Boy at back girl at teat!









Just missed the birth so waiting to see if there is one more in there.


----------



## DavyHollow (Jul 14, 2011)

Yay! Congrats! WOOHOO!! Finally Kisses did it!!  

Congrats a thousand times over!!


----------



## mmiller (Apr 3, 2012)

Congrats on your new babies!! :clap: :clap:


----------



## freedomstarfarm (Mar 25, 2011)

Congrats!! :stars:


----------



## ThreeHavens (Oct 20, 2011)

Whoo hooooo!!  What a blessing that things went so well!! Congrats on the two new stunning babies  :stars: :stars:


----------



## Shazzles (Apr 28, 2012)

She of course waited till I was having my sleep in while my boy was at footy LOL. They were all wet when I went out though LOL only just missed it
Mum is doing great though, both have had a drink.

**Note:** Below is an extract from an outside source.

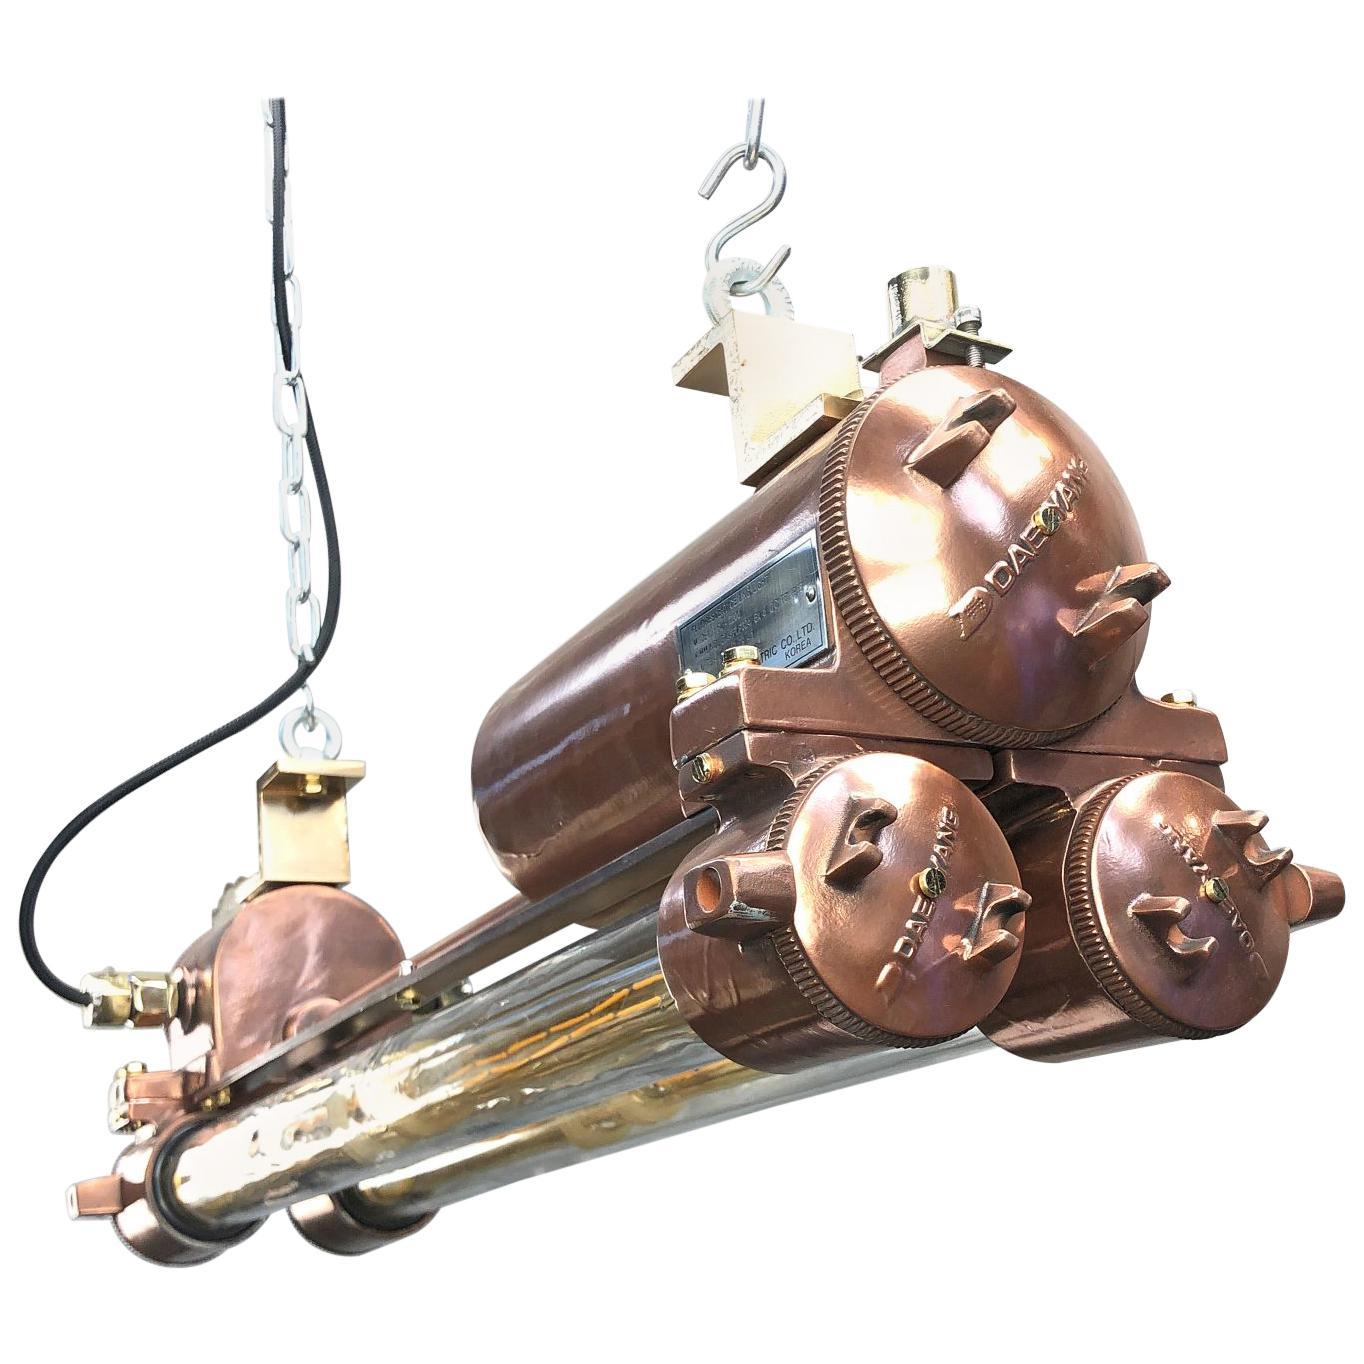 1970s Industrial Copper Flameproof LED Edison Tube Ceiling Strip Lighting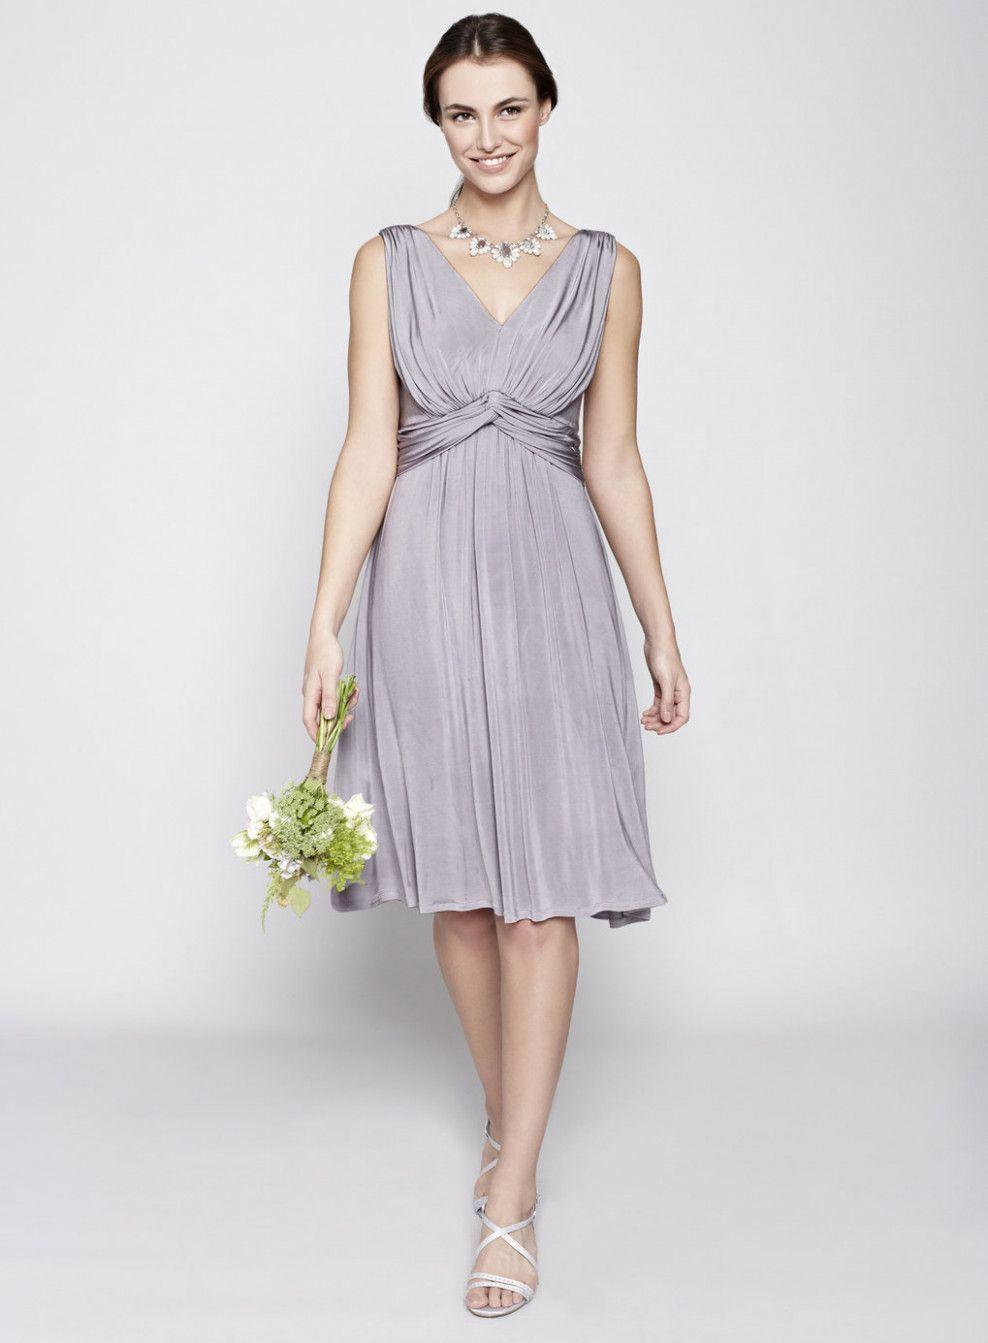 Wedding Bridesmaids Gray Grey Dresses wedding flower arrangements

Little miss (thinking Alula) has peed and pooped already


----------



## liz (Oct 5, 2007)

Congratulations!!!!!!!


----------



## Shazzles (Apr 28, 2012)

Alula (said Uulaa)








Buck (going to a friends)








Alula


----------



## Shazzles (Apr 28, 2012)

Trying to work out if Alula has a slight ginger tinge around her tail and along her spine LOL

















Alula right


----------



## aussieheelr (Jul 29, 2011)

Congratulations!!!! Two and one of each, perfect! They're so cute too  Way to go Kisses


----------



## Di (Jan 29, 2008)

:leap: Yeah! Good job, Kisses! I don't know...she looks pretty white to me? I thought Kisses was a Saanen?


----------



## Shazzles (Apr 28, 2012)

She is. The flash washed her out a bit. There is only the littlest lightest bit of ginger on her butt. THough the buck does have ginger there. I can register Alula as saanen same as kisses. Which I am thinking I may have to do LOL. Dad Gizmo has slight patches on him.


----------



## meluvgoats (Apr 19, 2012)

CONGRATS!!!


----------



## toth boer goats (Jul 20, 2008)

Aww...congrats.... :thumb:


----------



## RMADairyGoats (Jun 20, 2011)

CONGRATLATIONS!


----------